* [Material for this exercise]:
-------------------------
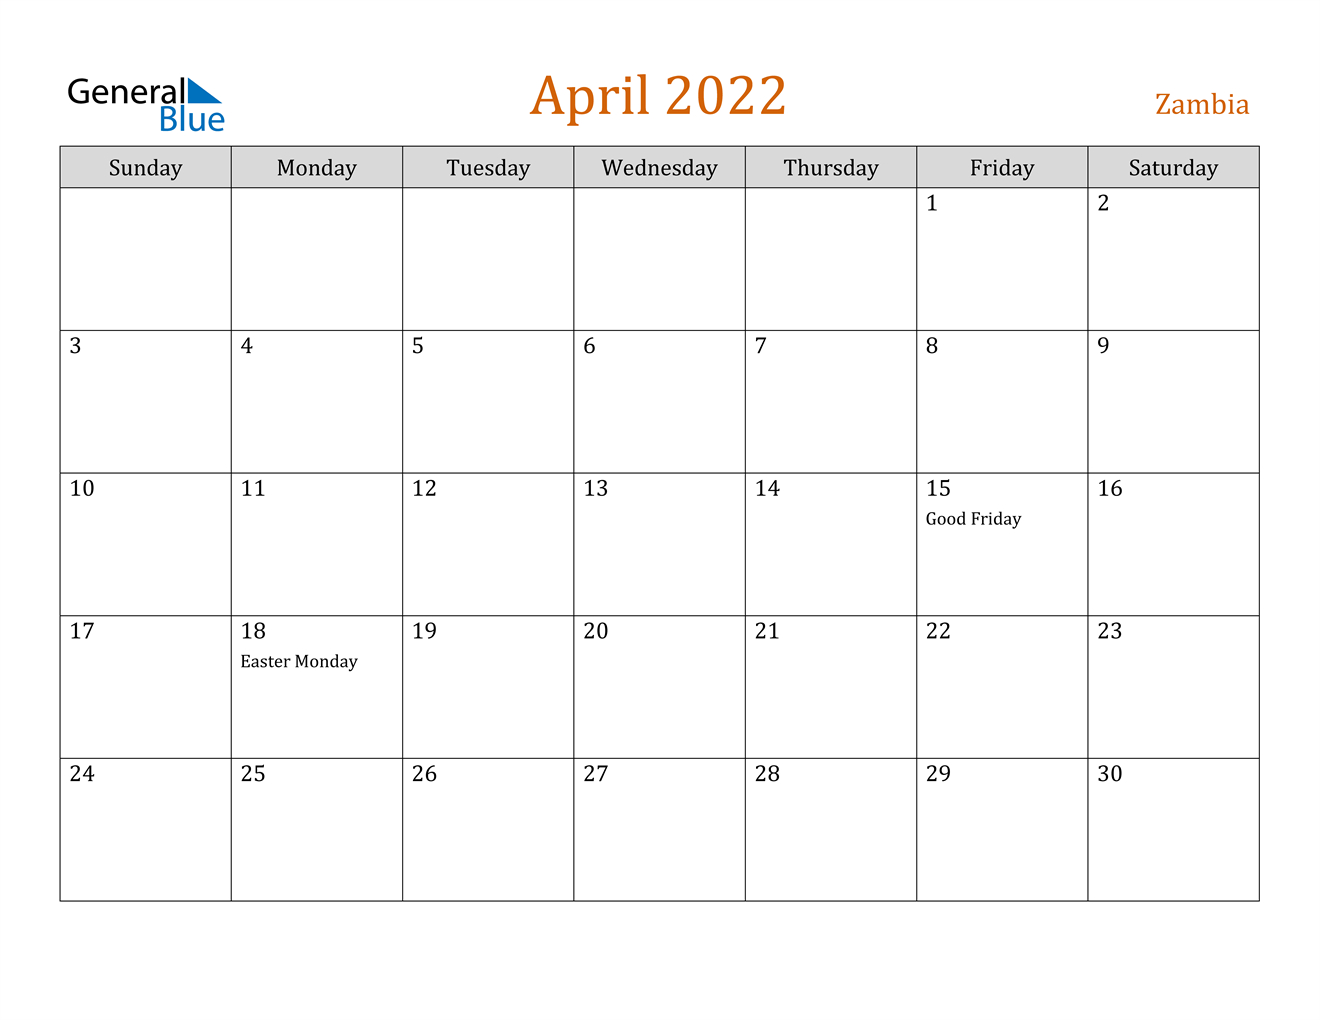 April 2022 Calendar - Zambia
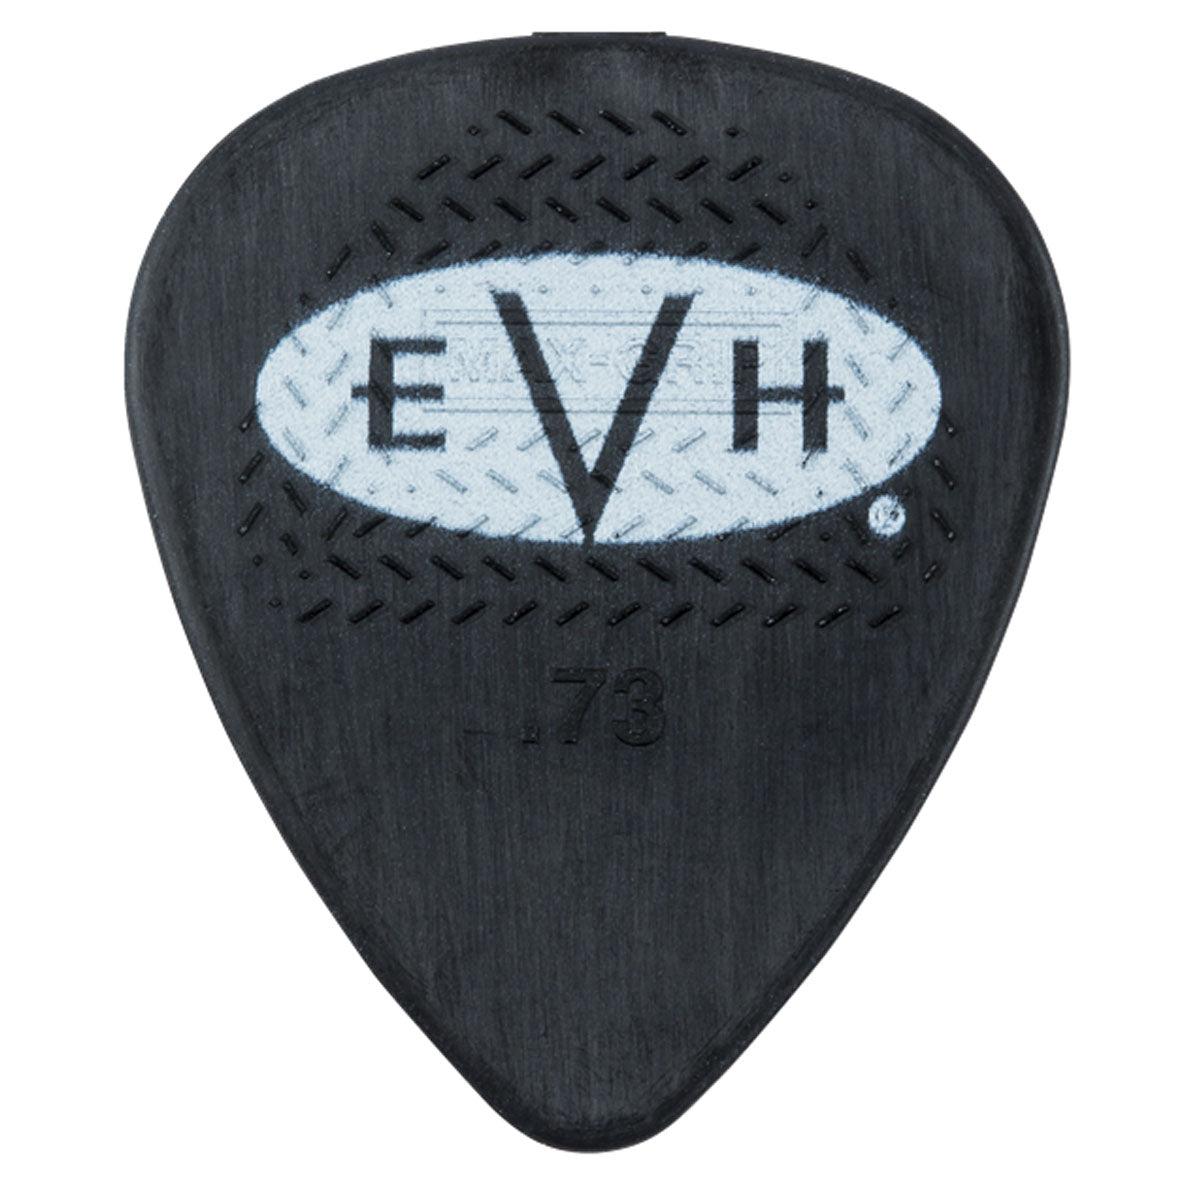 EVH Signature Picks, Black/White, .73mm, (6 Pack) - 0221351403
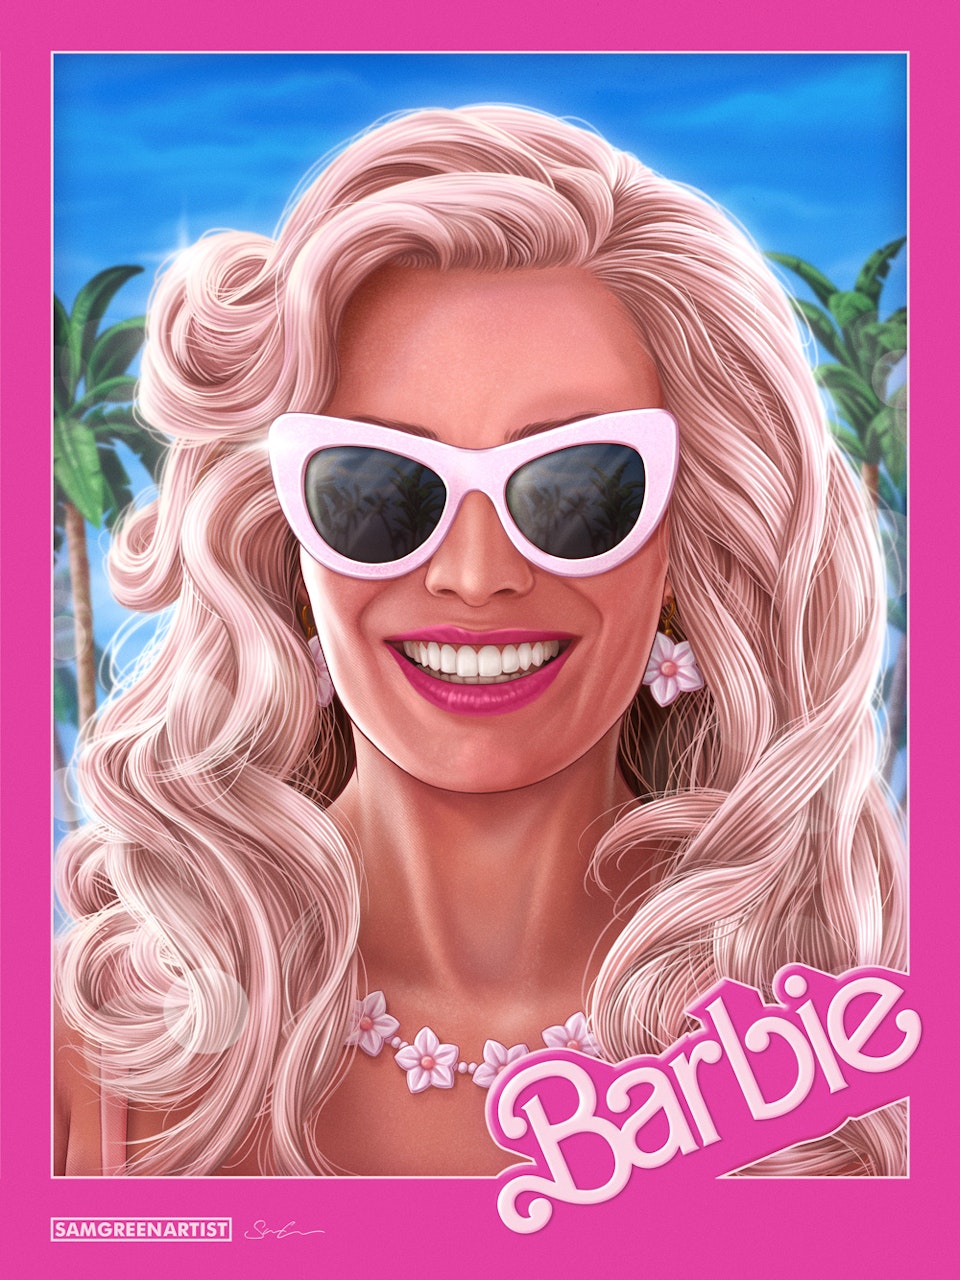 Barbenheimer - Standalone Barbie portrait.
-------------------------
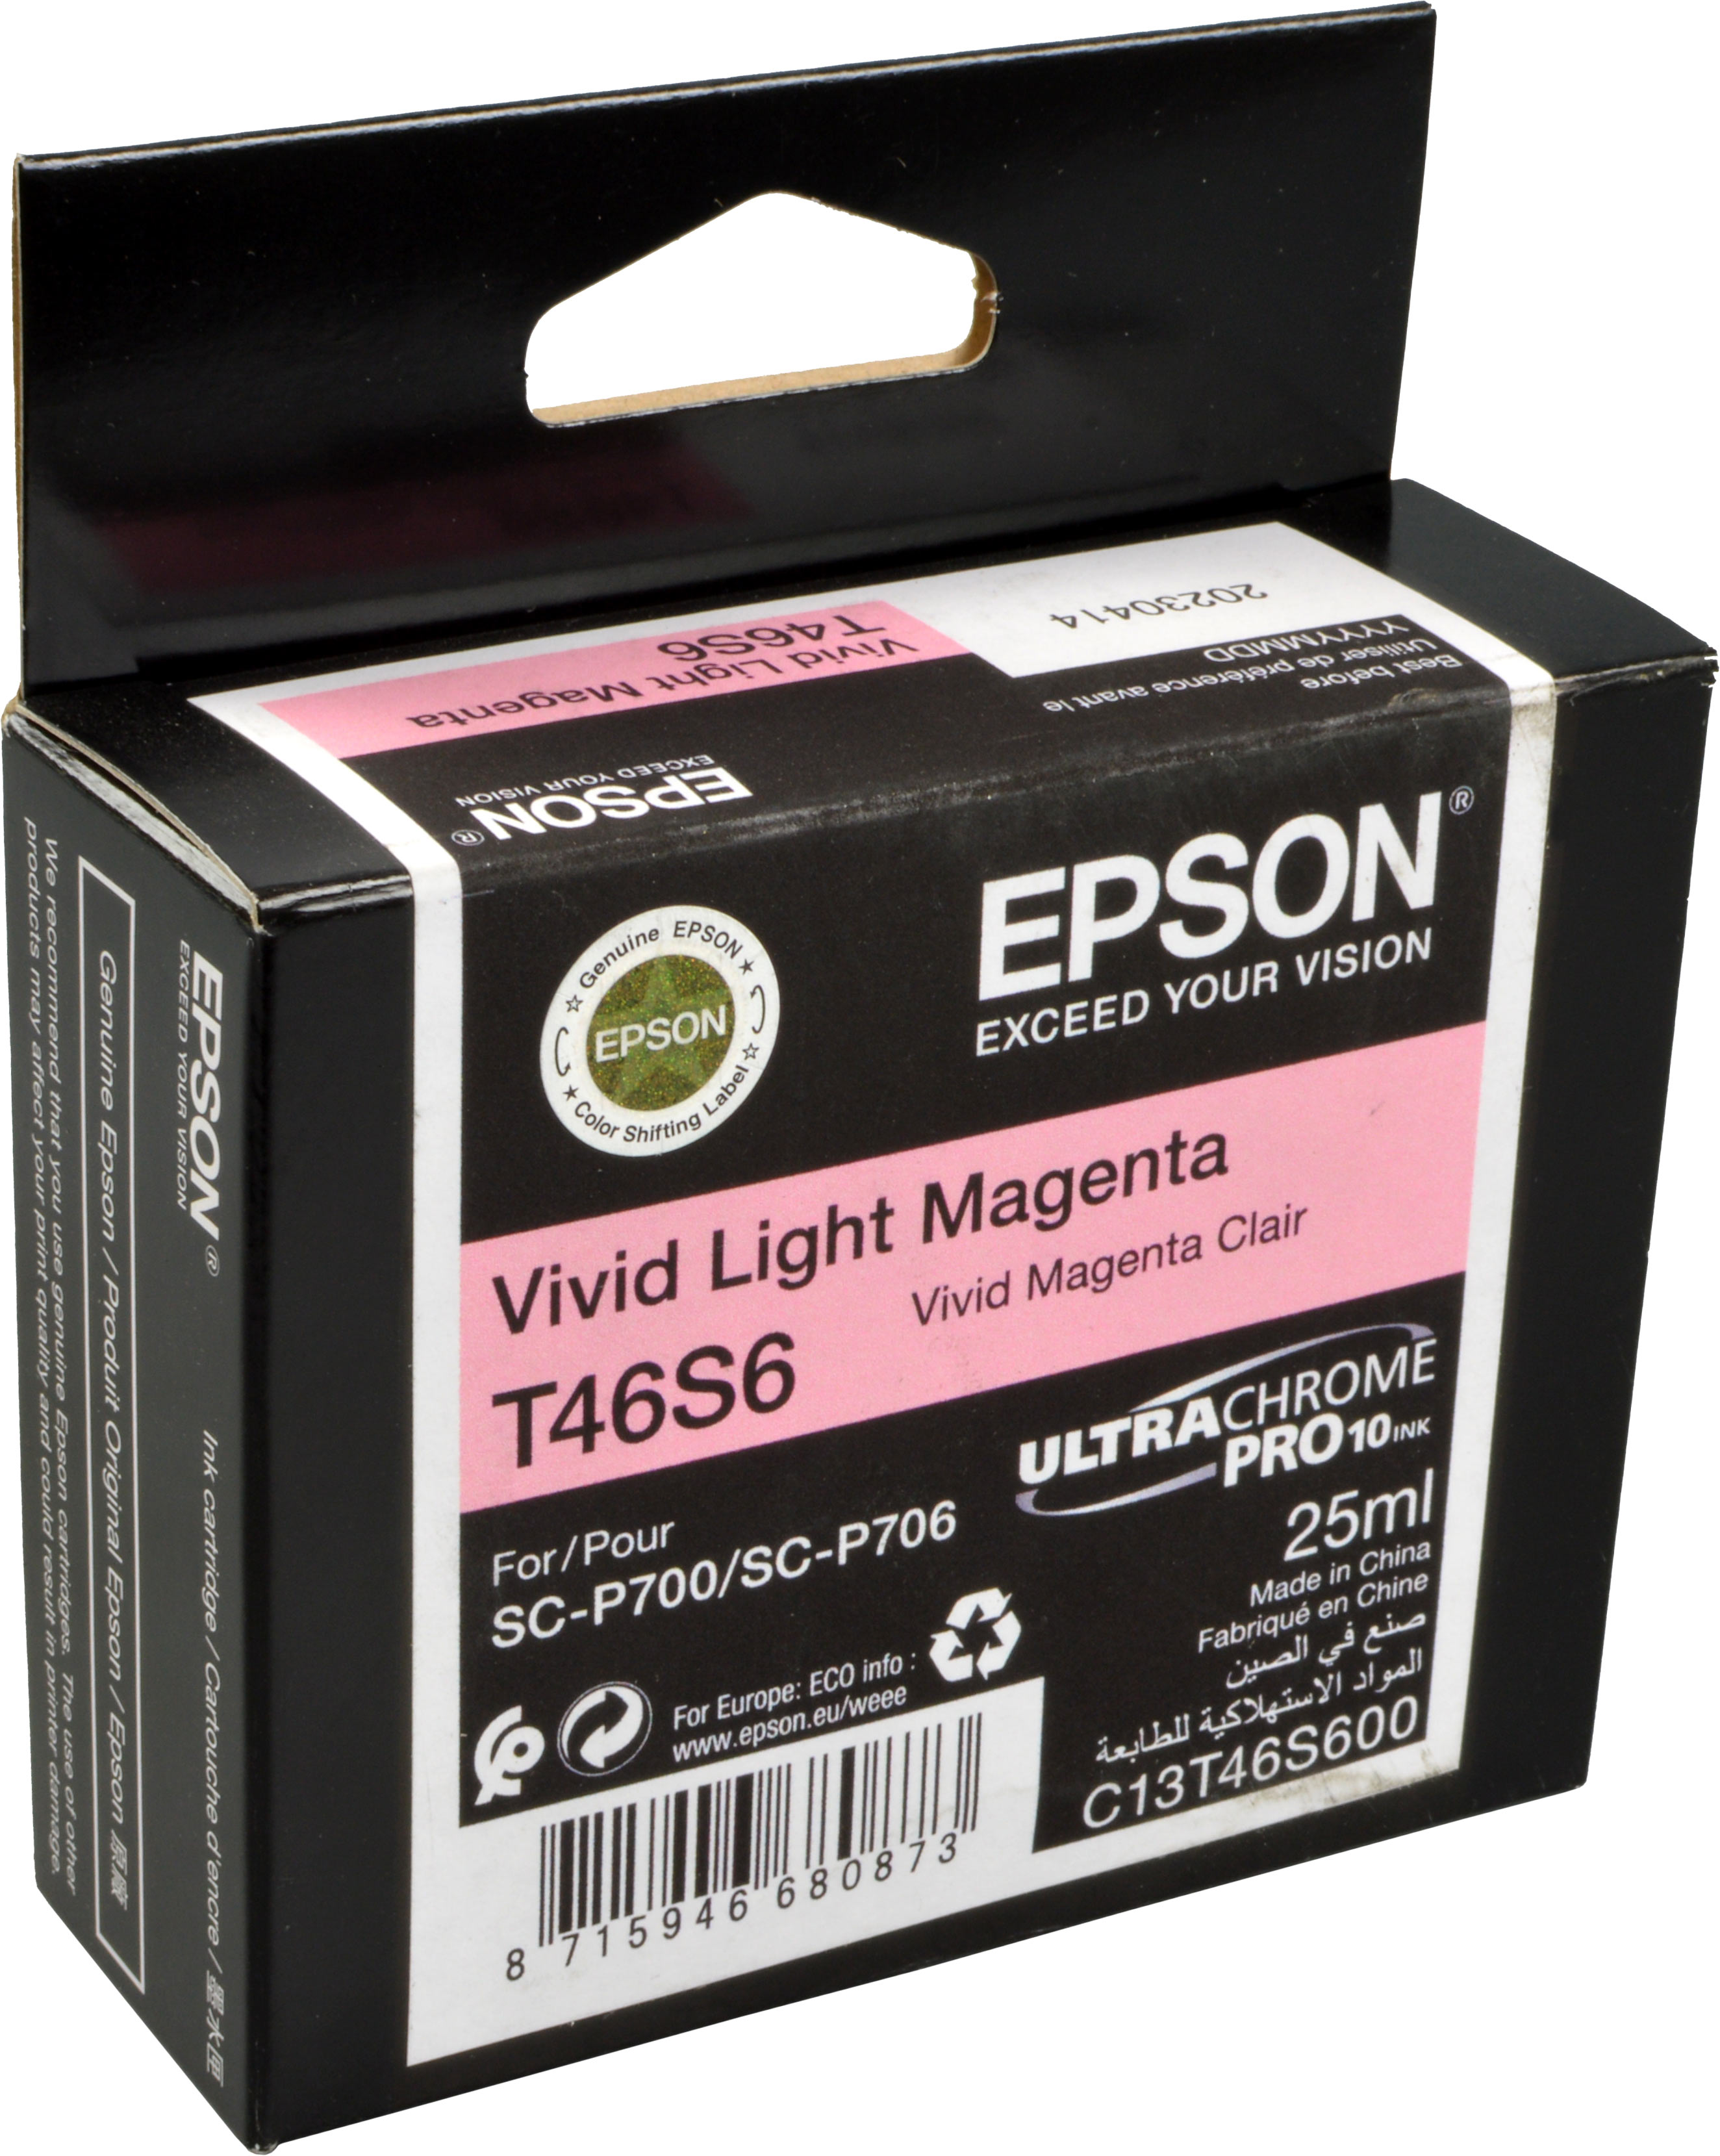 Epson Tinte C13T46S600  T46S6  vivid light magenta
-------------------------
* [Instructions to follow]:
Everything from the line with "April 2022 Calendar - Zambia" through the line with "Barbenheimer - Standalone Barbie portrait." in the material above should be transcribed exactly, except the pictures.

* [Written solution]:
 April 2022 Calendar - Zambia
 EVH Signature Picks, Black/White, .73mm, (6 Pack) - 0221351403
 Barbenheimer - Standalone Barbie portrait.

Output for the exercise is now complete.